Beitrag von ramses » Sa, 08. Jun 2019 8:22

Jimmy

meiner Meinung nach drängen so viele Leute/Firmen in die Cloud weil sie dann keine eigene Server/Räume und Service / Personal benötigen sondern dieser Service zum monatlichen Fixpreis angeboten bekommen. Was meistens günstiger ist als die Selbstkosten beim Eigenbetrieb. Für die Fälle eines Stromausfalls musst du nur den Router an die USV anschliessen, dann läuft auch das Internet weiter. Das ist hier wenigstens so wenn du Internet übers Festnetz hast, den die DSLAMs haben auch eine USV
Beim Internet übers TV-Kabel ist es allerdings anders.

Ich würde auch nie in die Cloud wechseln! Vorher zurück zur IBM Kugelkopf.
Aber wenn es ums Sparen geht, und die Summe entsprechend ist, werden vielfach sämtliche Sicherheitsbedenken und Werte über Bord geworfen. So a la "Geiz ist Geil" Bei der nächsten GV können dann stolz "Einsparungen" präsentiert werden.
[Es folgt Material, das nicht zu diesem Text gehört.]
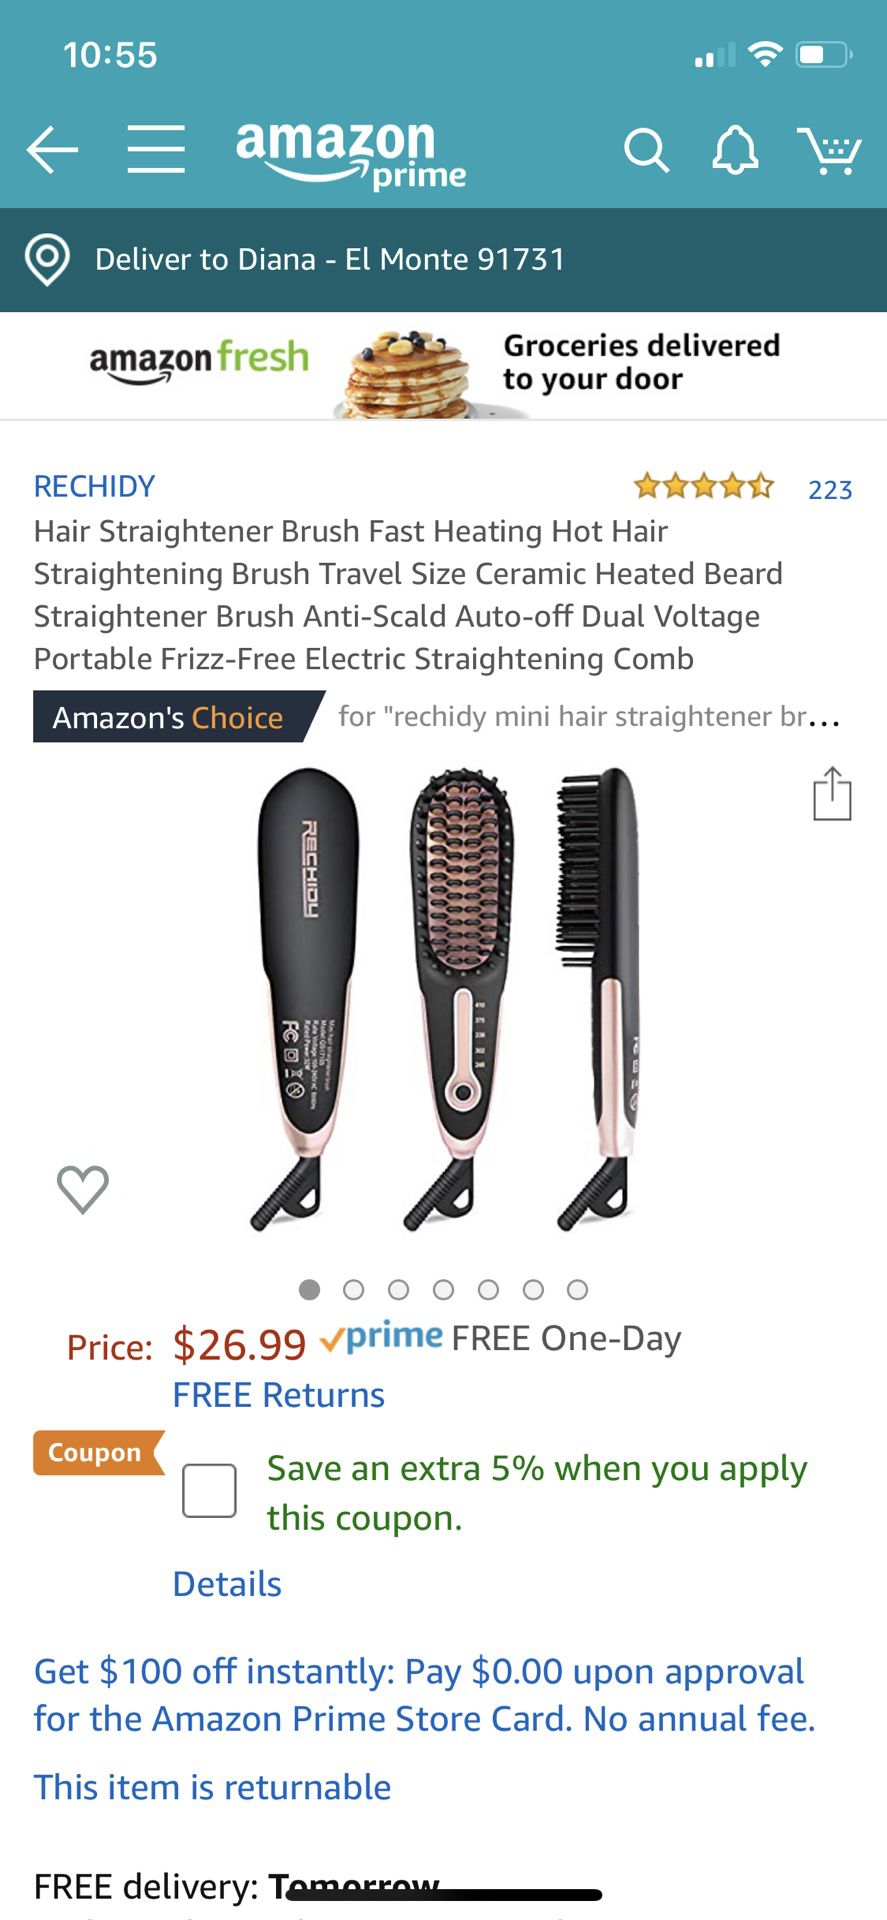 Hair Straightener Brush Fast Heating Hot Hair Straightening Brush Travel Size Ceramic Heated Beard Straightener Brush Anti-Scald Auto-off Dual Voltag

Es ist auch ein "seriöser" Umstieg in die Cloud möglich. Es muss ja nicht immer AWS usw, sein. Die Daten können auch einem Rechencenter im eigenen Land bleiben, sogar in der näheren Umgebung, oder im Rechencenter im Bunker, den Aufwand zur Sicherung den die zum Teil treiben ist schon gewaltig..... Aber, das ist der Pferdefuss der Cloud du bist nicht mehr Herr deiner Daten..... und das ist ein Macht Verlust den ich selbst *NIE* nie eingehen würde.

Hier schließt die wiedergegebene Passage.